On the other hand, the motion makes clear that the failure to timely respond was the fault of cross-defendants’ attorney, and not cross-defendants themselves, and expressly sets forth that it is being made based upon his “mistake, inadvertence, surprise, or neglect”, without ever mentioning the term “excusable neglect.” Consequently, the motion can equally validly be characterized as one based upon the attorney’s declaration of fault, in which relief from default is mandatory.
In opposition, Kent contends that cross-defendants’ unduly delayed seeking relief from the default, but the 11-day delay she identifies is miniscule and virtually meaningless in the context of the litigation. Kent also complains that she would be prejudiced should the default be vacated, but makes no attempt to articulate or identify any cognizable prejudice, and the Court can discern none.

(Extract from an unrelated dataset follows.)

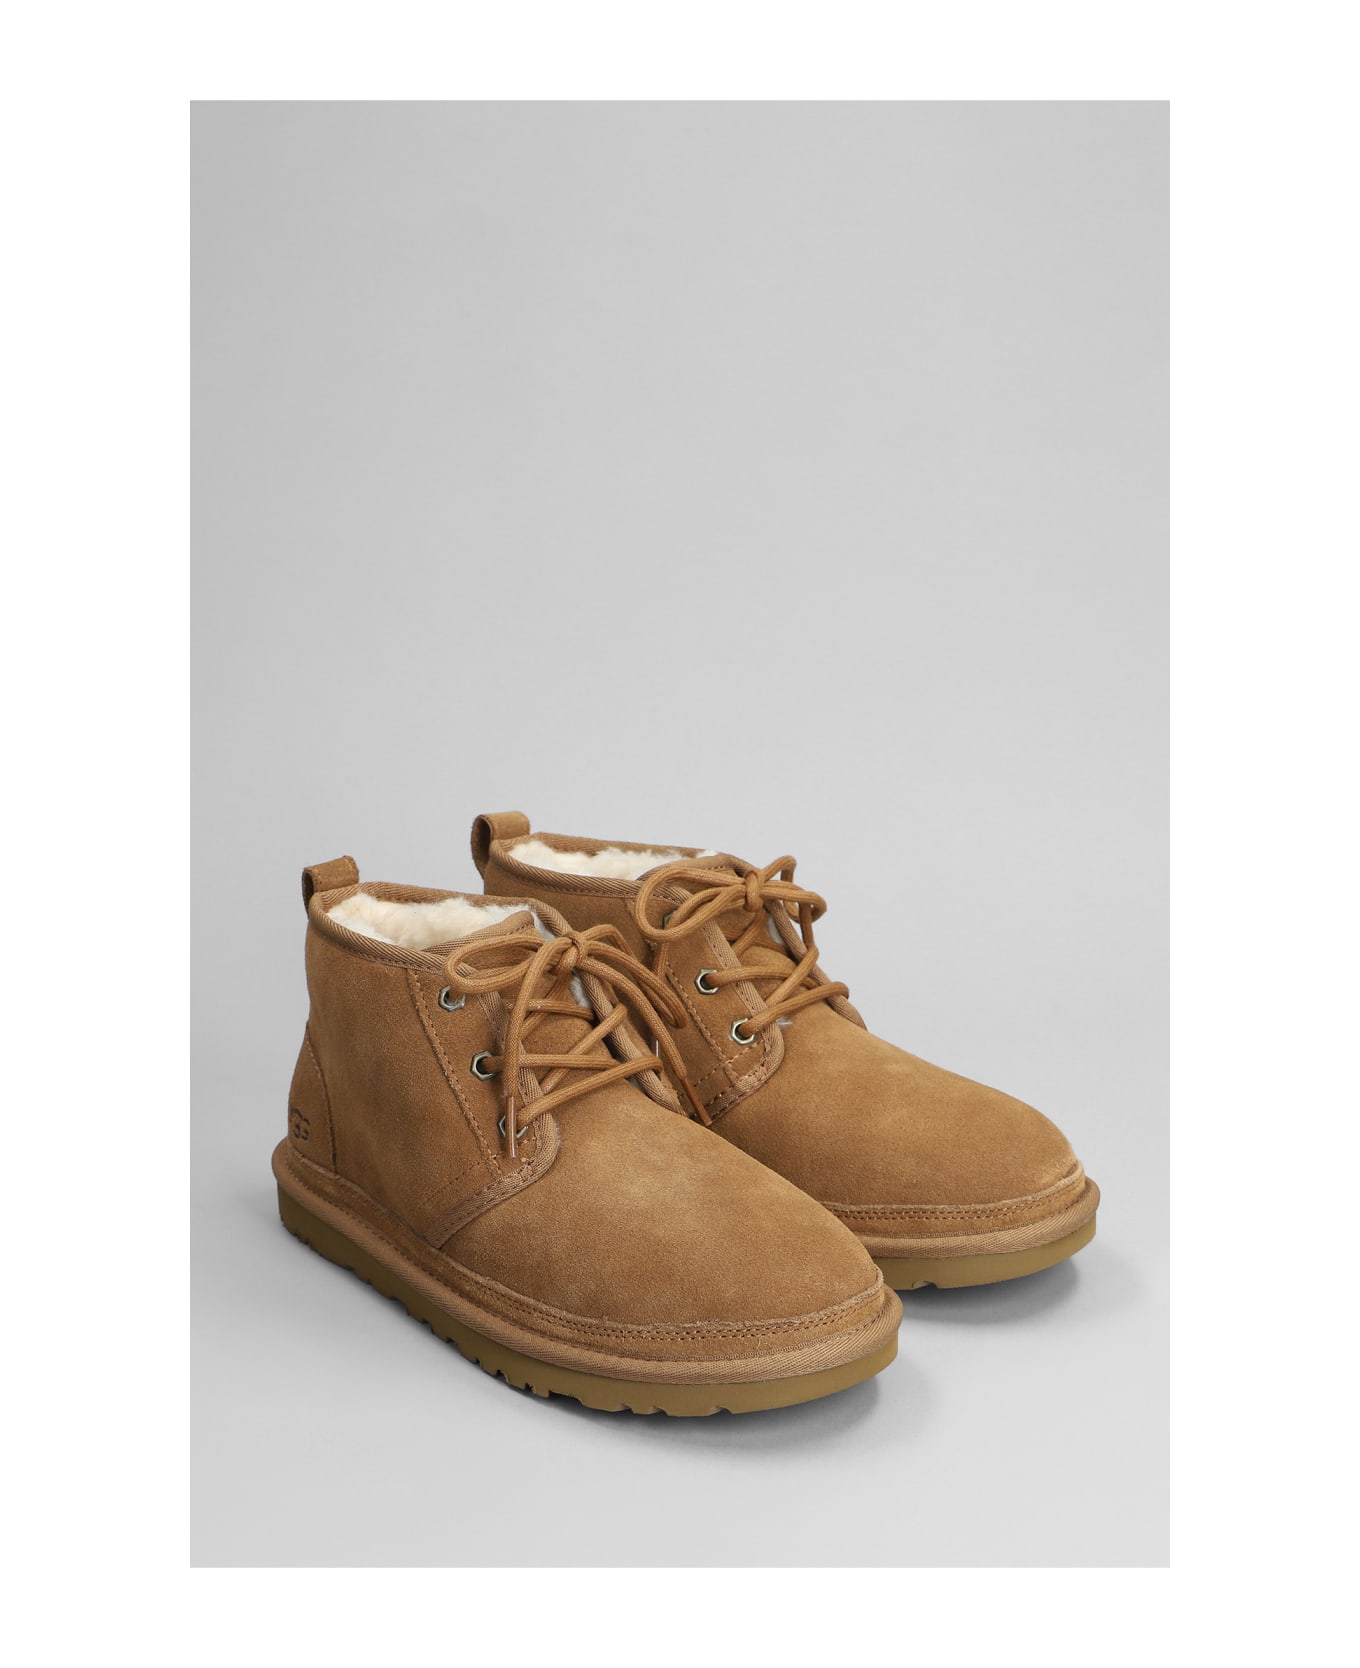 UGG Neumel Lace Up Shoes In Leather Color Suede - leather color

Certainly, Section 473(b) requires that, whenever relief is granted based upon an attorney’s affidavit of fault, the trial court “shall” direct that attorney to pay reasonable compensatory legal fees and costs to opposing counsel or parties. In this case, the Court cannot find that opposing counsel has sustained much, if any, “reasonable” compensatory legal fees and costs arising from the motion. The Court would find, however, that an amount equal to two hours of attorney time, billed at Kent’s counsel’s ordinary rate, would more than compensate Kent’s counsel for any “reasonable” compensatory legal fees incurred, under the circumstances presented.
Consequently, so long as counsel for cross-defendants is willing to pay Kent’s counsel for two hours of attorney time, billed at counsel’s ordinary rate for litigation of this sort, the Court will grant the motion pursuant to the mandatory relief provisions applicable to circumstances where an attorney declaration of fault is submitted, and order the default to be vacated. Should this be the case, the Court would request Kent’s counsel to advise it at the hearing what his ordinary hourly rate is for matters such as this, and order that two hours at that rate be paid by counsel for cross-defendants forthwith, but in any event no later than March 21, 2025. Cross-defendants shall also file their responsive pleading no later than March 21, 2025, or such other date as this Court might specify at the hearing on the motion.
In the event that the fees are not paid, the Court would entertain a future request strike any such responsive pleading, and reenter the default.
If counsel is unwilling to pay the fees, the motion will be determined under the discretionary provisions, under which it will need to be denied, given the failure of the motion to show specific facts establishing the existence of surprise, mistake, or excusable neglect for the period after counsel’s return to his office, as those terms are understood within the context of Section 473(b).